Someone who might have agreed with her: Tolkien himself. Because as it turns out, the Oxford don was well aware of the problems with the orcs he’d fashioned—a people who, for all their status as disposable enemies, are rather more complicated then later writers tend to give him credit for.


The most important thing about orcs in Tolkien's legendarium is that they aren't primarily portrayed as sentient beings, even evil ones. They are portrayed as weapons.

In the Silmarilllion—a posthumously collected work of Middle Earth mythology and history—orcs are fashioned by an entity of primal evil, the rebel angel Morgoth, in mockery of God’s creation of elves and men. Quite how this spiteful spirit made them is textually a mystery, although Tolkien offers a possible explanation: that the devil captured early elves and warped them through torture and dark magic into a slave race of monsters. (The later Peter Jackson films treat this as a fact: Tolkien’s writing is far more equivocal, and he changed his mind about it quite a few times without arriving at an answer that satisfied him.)
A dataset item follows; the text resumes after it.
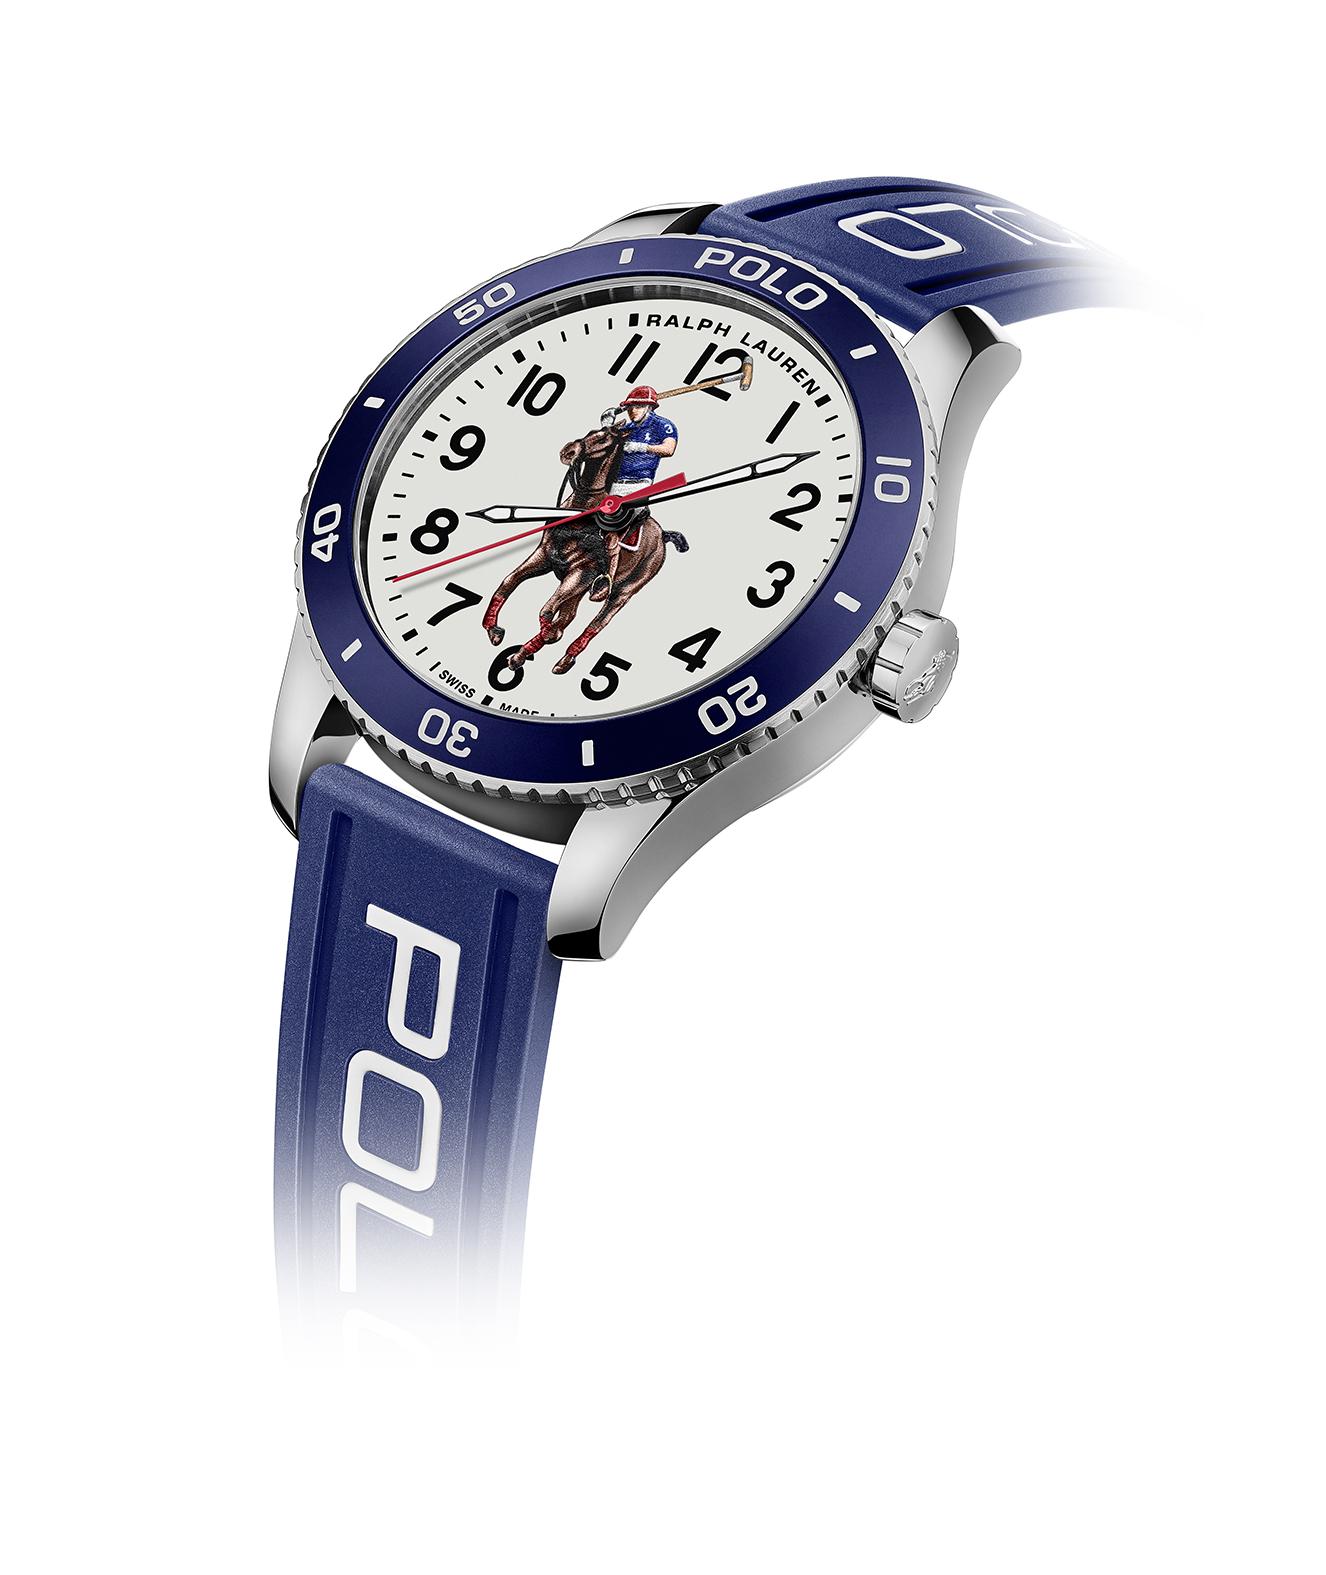 Ralph Lauren Polo Player watch

For hundreds of thousands of years (per Tolkien), Morgoth and his successor Sauron sent armies of orcs against elvish and human societies. When beaten, the scattered orcs retreated to underground strongholds, licked their wounds, and bred their numbers back up until the next time a powerful warlord came along to pressgang them into service. By the time of Lord of the Rings, therefore, the free peoples of Middle Earth regard orcs as agents of the enemy, inherently wicked and deserving of no consideration whatsoever. To them, orcs simply have no meaning outside of the context of war. They are never at peace, and are always a source of either active or potential destruction. They are a perfectly dehumanized enemy.

But Tolkien’s orcs do have their own stuff going on. In both The Lord of the Rings and The Hobbit, they speak and think—if often in obscene or crude language—are cunning inventors of weapons, and hold a bone-deep hatred of elves, men, and the dark spirits that compel them into service. As Tolkien scholar Robert Talley Jr. notes in an excellent paper, orcs maintain different communities and societies of their own, with different motives and allegiances; are motivated by vengeance rather than innate malice in their feuds with dwarves and elves; and are capable of great personal bravery in avenging fallen captains.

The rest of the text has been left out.